I confess I wish I could “project both condescension and charm” as Holmes does, and get away with it. But you have to be really smart and talented to do so, like Dr House from the TV show, who is based on Sherlock Holmes.

But then again, these are two fictional characters. In real life you cannot get away with it. In real life people notice when you are insincere or when you look down on them or are sloppy with feelings. Condescension actually negates charm, turns people against you, blocks them off from you. Doors close, you become isolated, et cetera.
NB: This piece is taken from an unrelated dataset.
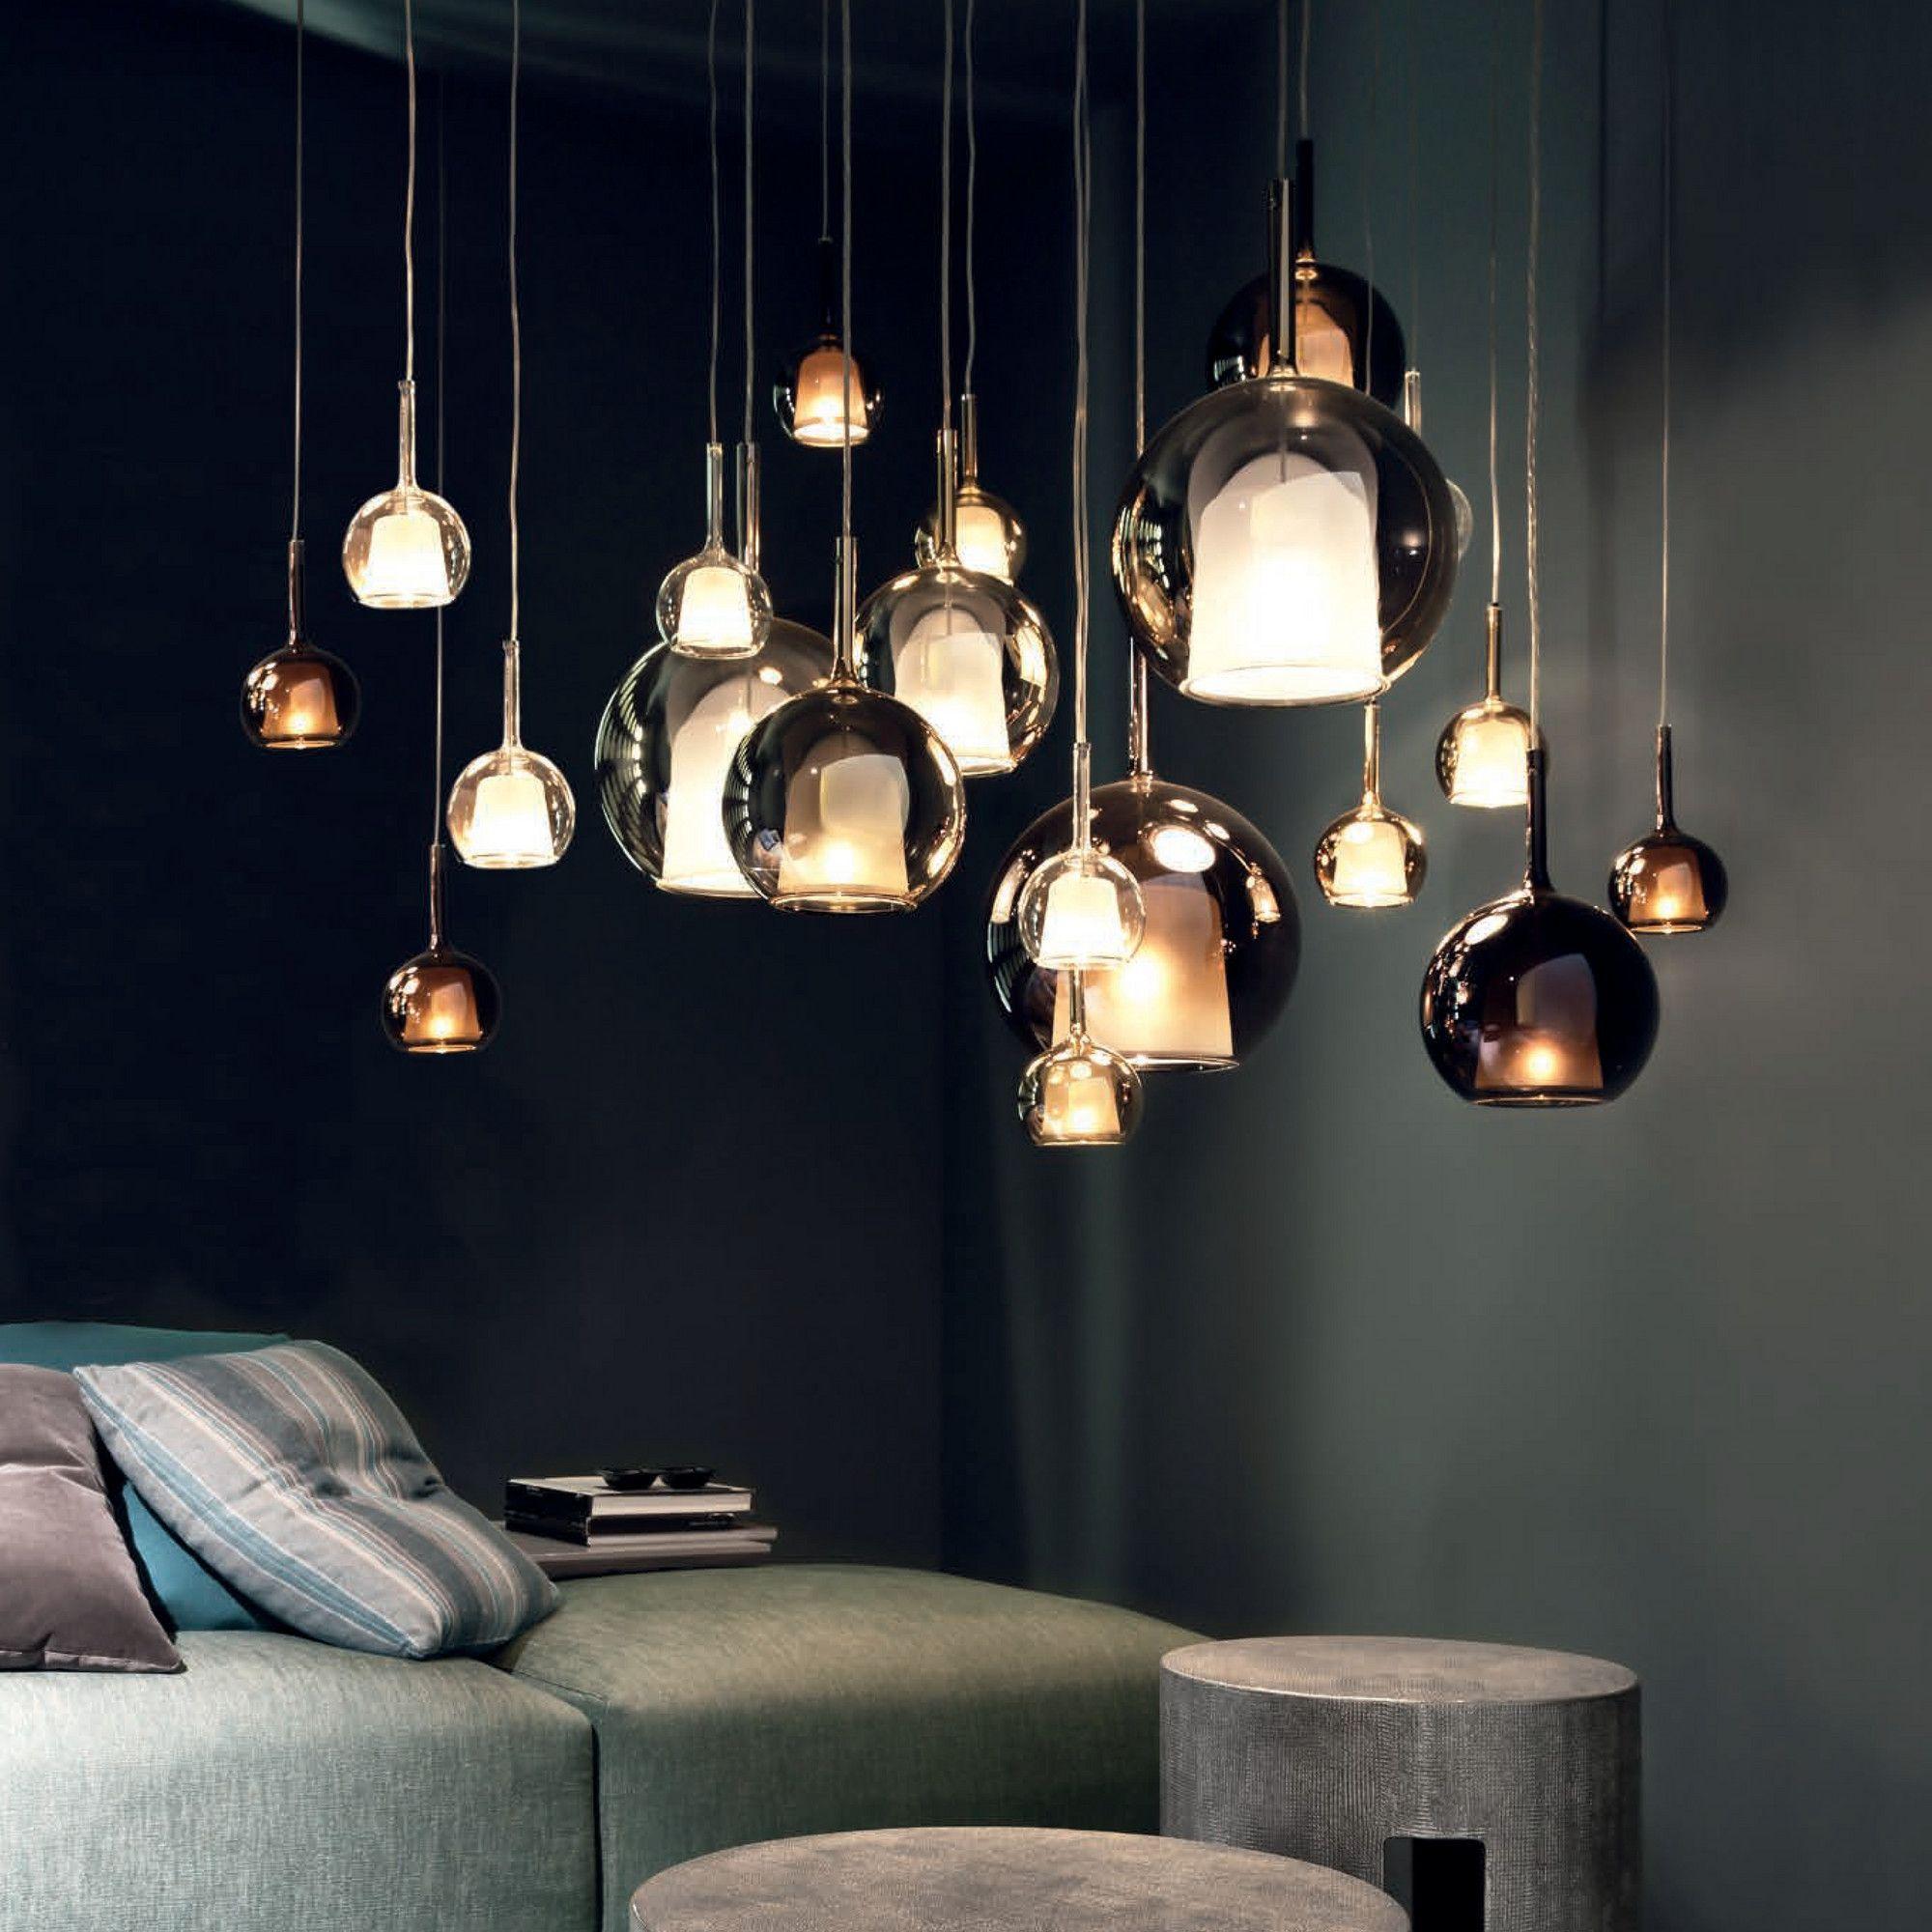 Penta Catalogue 2017 Lampen Wohnzimmer Lampen Esszimmer

It is fun to watch such a confident, rogue genius on TV. But I will resist the temptation to emulate them because I know the people I really admire, actual people such as Charles Darwin, were modest, self-doubting and careful. These qualities are important in any scientific, medical or criminal investigator.

My gym has re-opened

Finally. And there was much rejoicing. By me. At the opening we had pizza and beer with the staff. When I signed my lease, it included free access to a gym. Then they took away the gym without lowering the rent. Now the gym is back and I am going to get some MONSTER TRAPS. I also want to be able to do that thing where you make grotesque ripples across your pecs at will.
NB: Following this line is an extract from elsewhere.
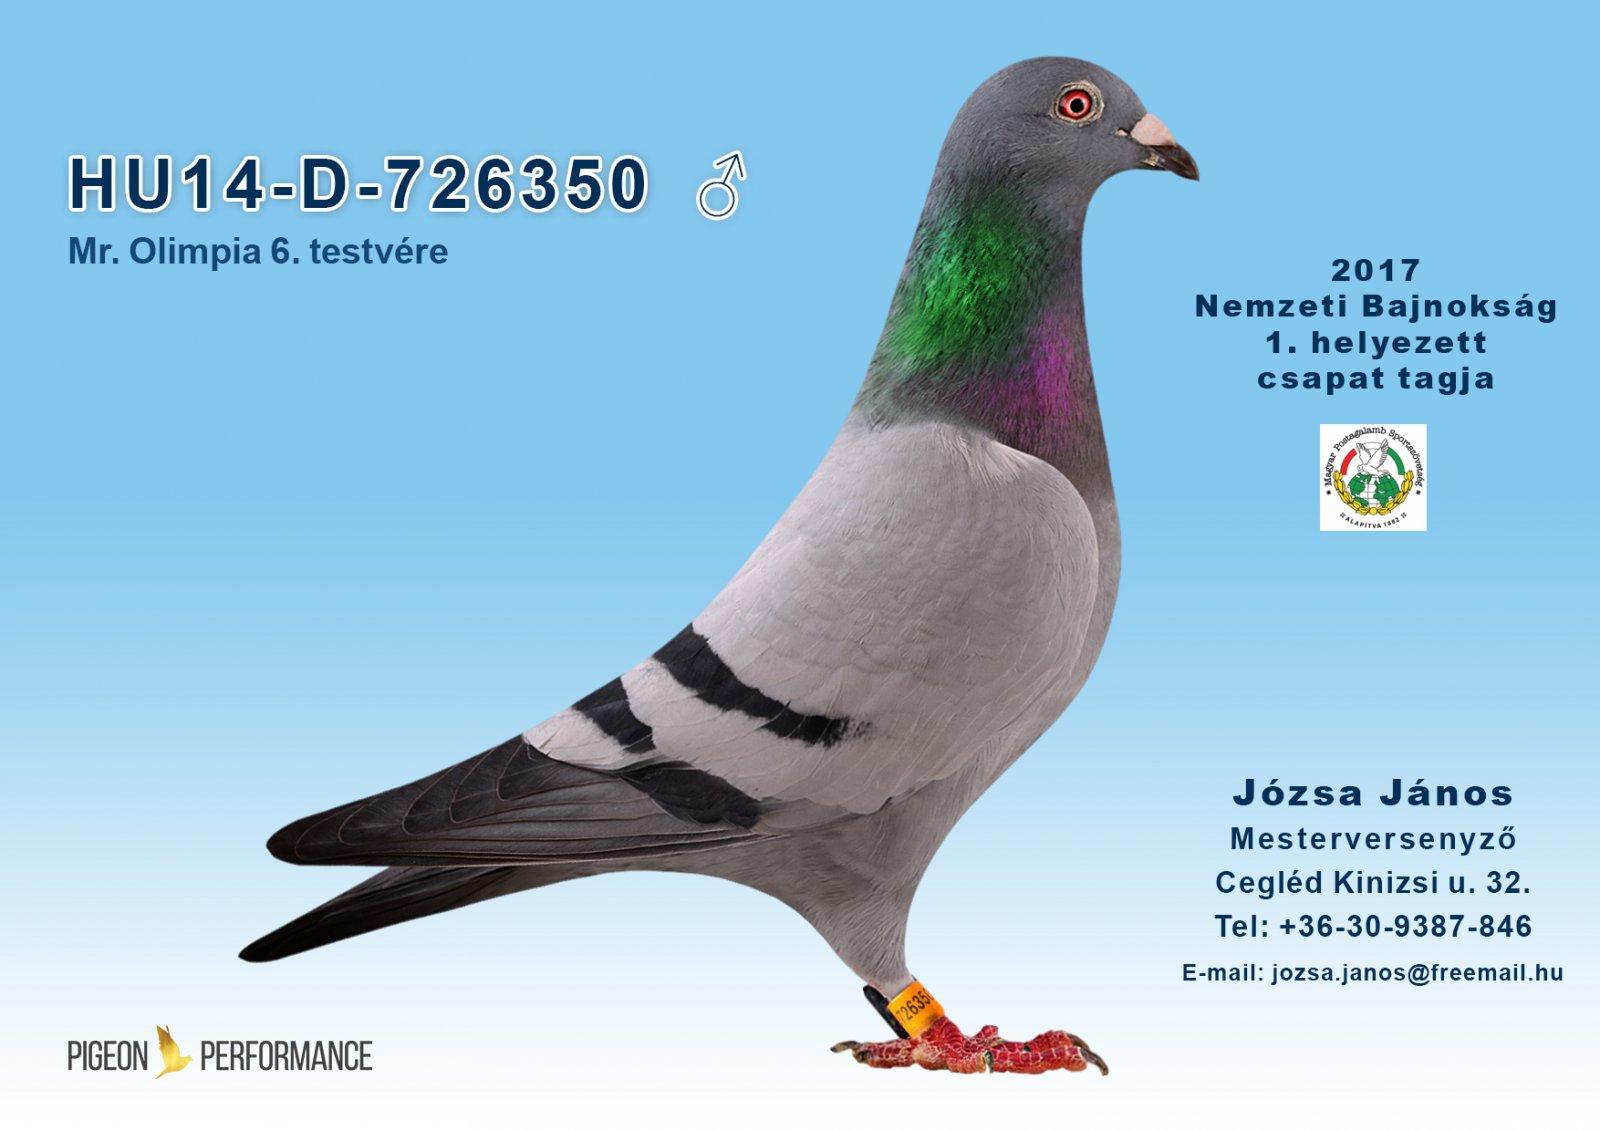 HU-2014-D-726350

But seriously, I have been thin all my life and it would be nice to have some muscles for once. I like fitness in general because it is the one area in my life where specific efforts are rewarded with specific results. Progress is natural and occurs in discrete parts. You do what the experts say and you get rewarded. You can even choose among experts and their varied advice. You can mix and match advice, using skepticism and critical thinking. Using previous knowledge, you can evaluate the evidence and decide whether to rely on the lore of fitness or the high-quality, controlled trials with an experimental design. You can trust a former elite athlete who later wrote a book (not ideal), or you can trust the research coming out of universities and exercise scientists. You can choose exercises that fit your life and your special concerns about your heart or your lower back, your endurance, your weight problem, et cetera.

Personally I just want to be fit enough to continue doing the things I already like to do, especially biking, camping, urban exploring, tree climbing, ultimate frisbee, and so on. And it wouldn’t hurt to balance out any excess right arm strength that may have resulted from my, um, lifestyle.
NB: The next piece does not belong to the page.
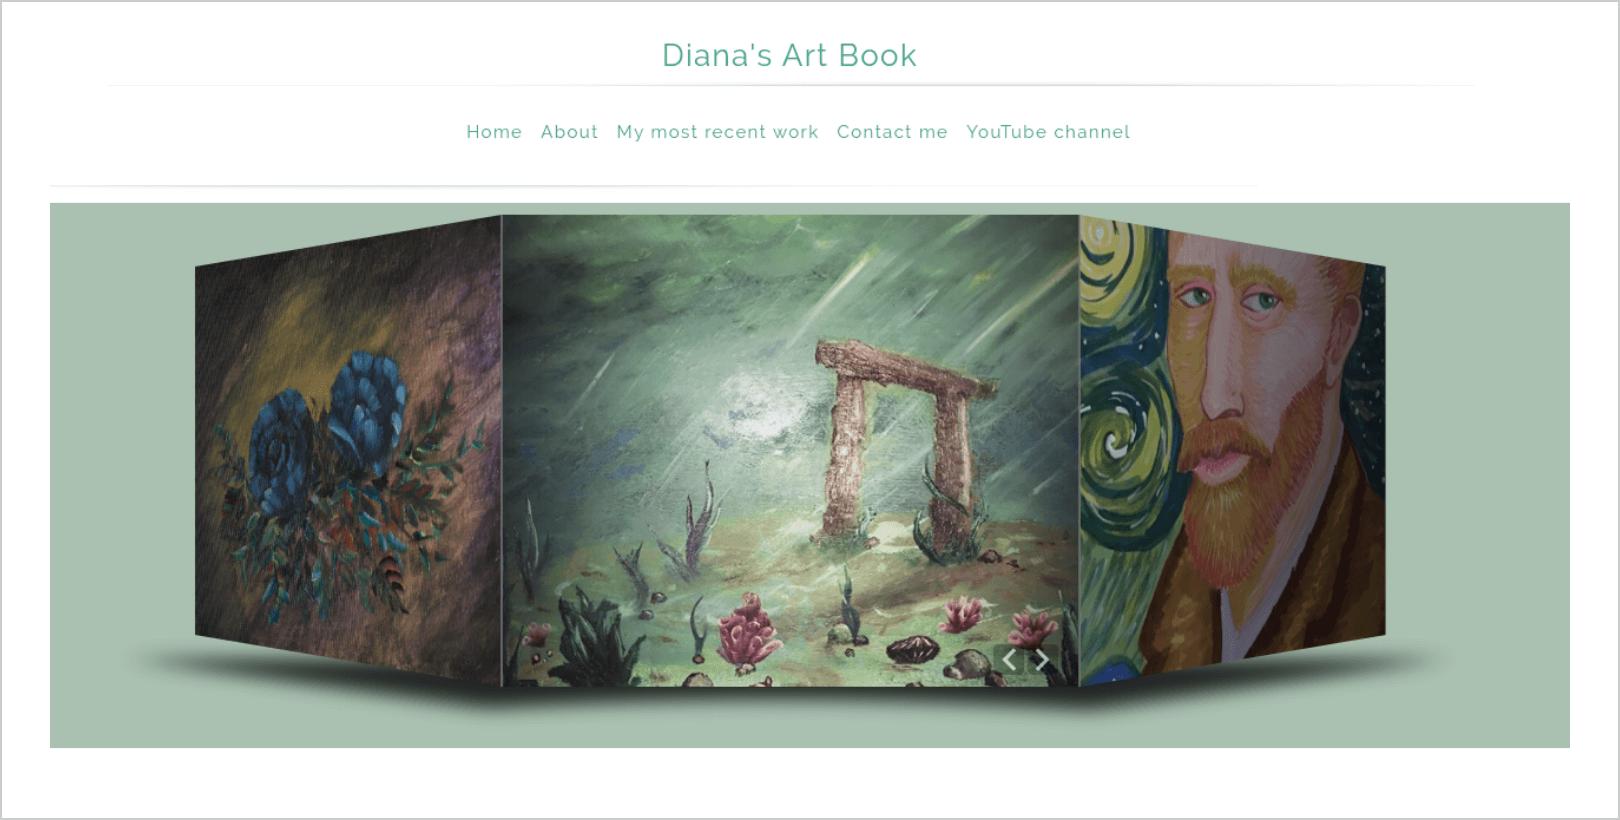 Diana's Art Book

I have even been using the elliptical, a machine I previously thought was only for ladies. It shows you your wattage. I find I can comfortably put out 170 W for ten minutes or so. Watching the wattage fluctuate with effort is not discouraging like watching the "calories burned" meter. Putting out ten minutes of effort only to realize you have "burned" a handful of peanuts is not a fun realization.

Engaging with people as individuals

I made buttons with a bunch of people for the effort to defeat the anti-gay marriage amendment and voter ID amendment this November. They are to be distributed at the Pride Festival next weekend. I was with several people who don’t fit neatly into boxes: there was no telling whether they were gay, lesbian, straight, closeted, or in any of the varying stages of trans-sexuality.

And I thought about how, when people’s roles are fluid and not conventionally defined, you have to engage them as individuals. Your interaction with them is thereby enriched. "Scripts" are abandoned and new possibilities emerge, often beyond expectation.

There is a lot to learn from having a decent conversation with someone who is different from you. Yet people sometimes let their curiosity lead them into rudeness by, for instance, asking a foreigner, "What are you?" and giving them the uncomfortable impression that their features are being studied. In the same vein it is not okay to walk up to a person and say "Hola!" just because he or she appears Hispanic.

The people at this little button-making workshop were very different, but we were all similar in the belief that the right to vote and the right to marry are connected, and both of these issues are on the ballot in the upcoming state constitutional vote this November.